Director: Nicholas Ray

Guión: Nicholas Ray y Gavin Lambert, según una novela de René Hardy

 Música: Maurice Leroux

Fotografía: Michel Kelber

Intérpretes:  Richard Burton, Curd Jürgens,  Ruth Roman, Raymond Pellegrin, Anthony Bushell, Alfred Burke, Christopher Lee

EEUU. 1957. 98 minutos

Del heroísmo y la cobardía 

Rodada en Europa por Nicholas Ray tras finiquitar su relación con la Twentieth Century Fox con La verdadera historia de Jesse James (The True Story of Jesse James, 1956), la película que nos ocupa, más la ulterior Chicago Años 30 (Party Girl, 1958), suponen probablemente las últimas grandes obras que nos legó el cineasta de Wisconsin. A esta Bitter Victory se la encuadra a menudo con la coetánea La colina de los diablos de acero (Men in War, Anthony Mann, 1957) como dos ejemplos de reformulación (o al menos formulación muy específica) de los códigos del cine bélico en unos años caracterizados precisamente por la crisis de los modelos genéricos que Hollywood había estandarizado en aquella era dorada que, con el advenimiento de la televisión, la variación de las normas de distribución y el progresivo desplome del originario código Hays, cada vez se acercaba más y peligrosamente a su fin.
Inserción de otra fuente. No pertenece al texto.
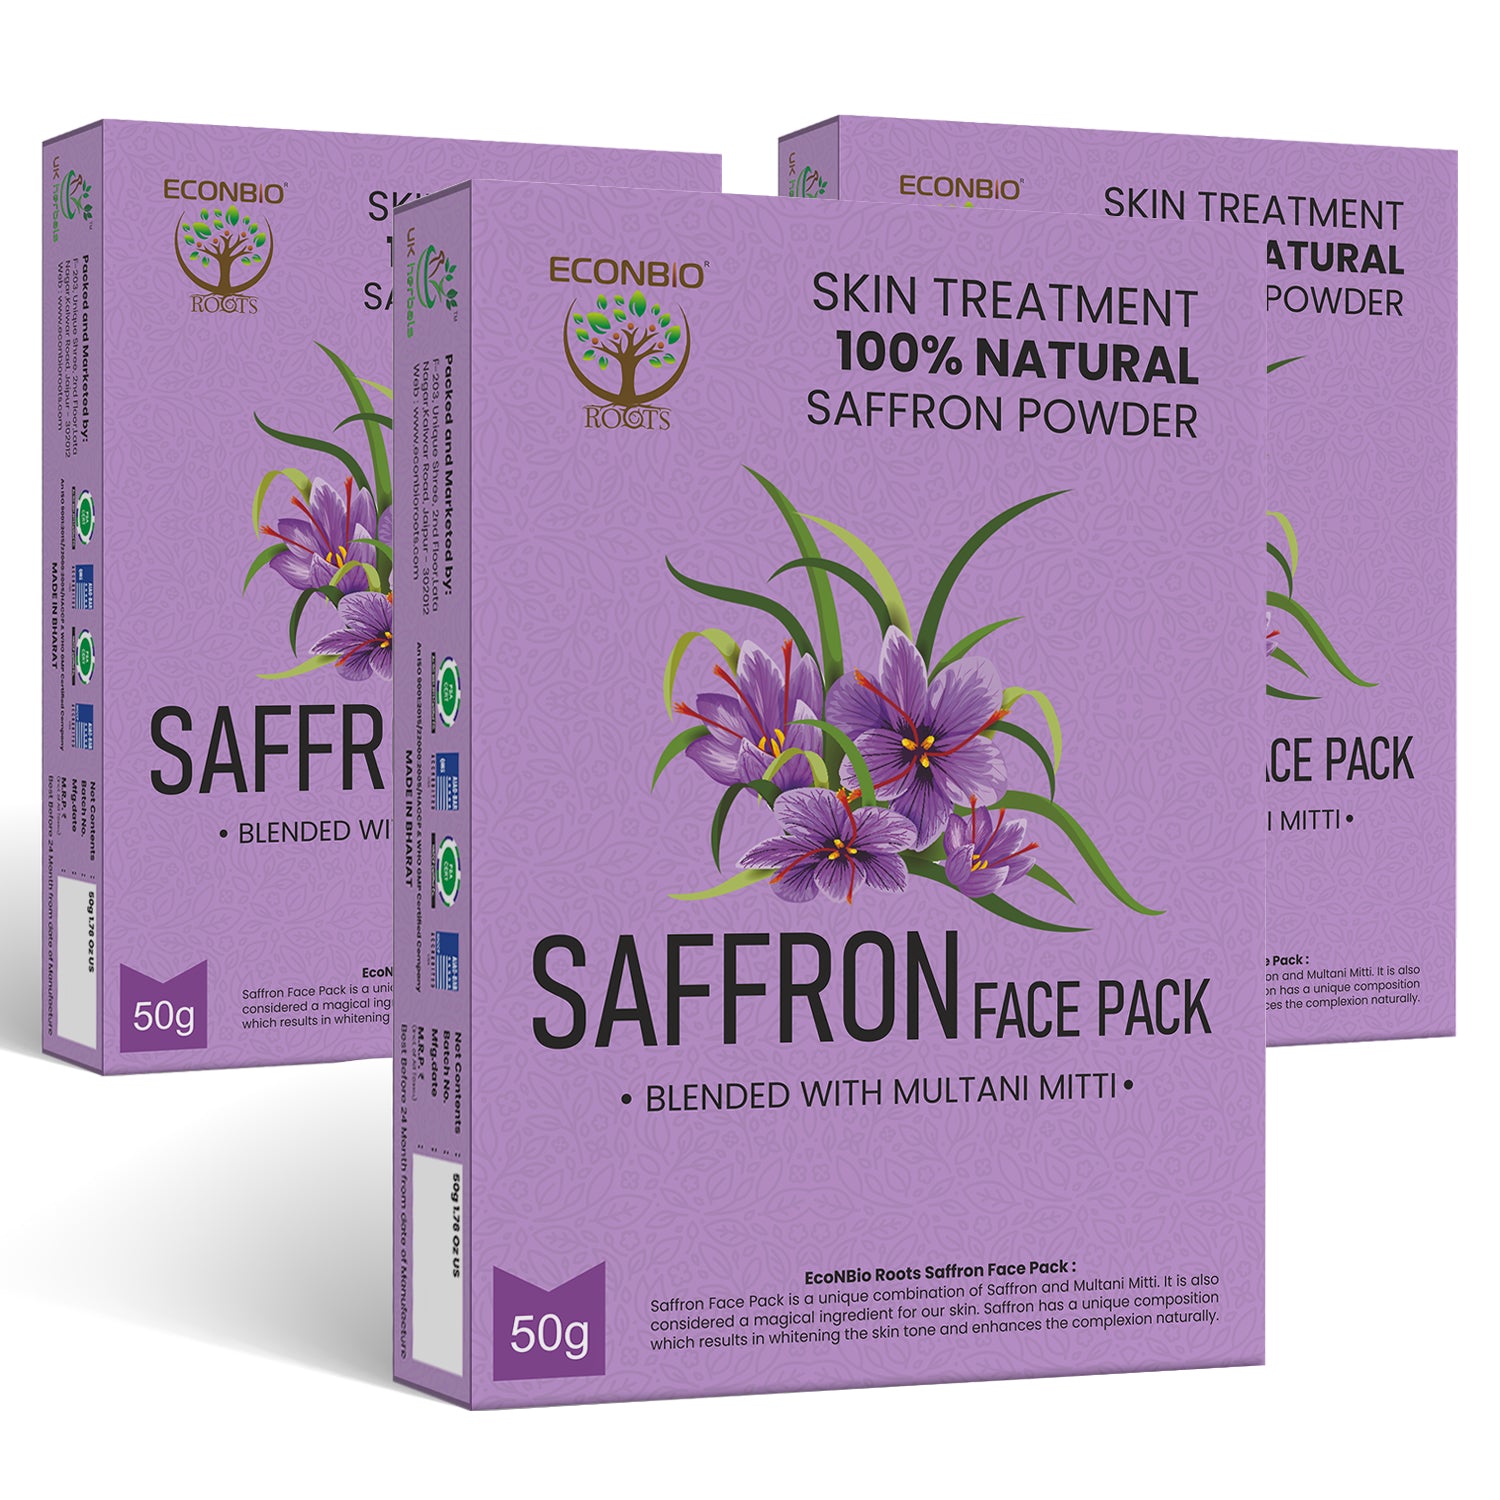 ECONBIO ROOTS 100% Natural Saffron Face Pack 50g (Pack of 3)

Con el monumental título de Mann la película comparte en efecto muchos y cardinales elementos, principalmente la focalización dramática absoluta centrada en un grupo de soldados en una situación límite, del que espora un retrato bien alejado de toda épica y en el que se afianza, de forma doliente, una mirada abiertamente antimilitarista. Pero también el rodaje en un blanco y negro que lleva las imágenes a cierto estadio de abstracción a partir precisamente de ese condensado dramático, sensación que el scope que Ray utiliza en este caso no matiza en absoluto, todo lo contrario.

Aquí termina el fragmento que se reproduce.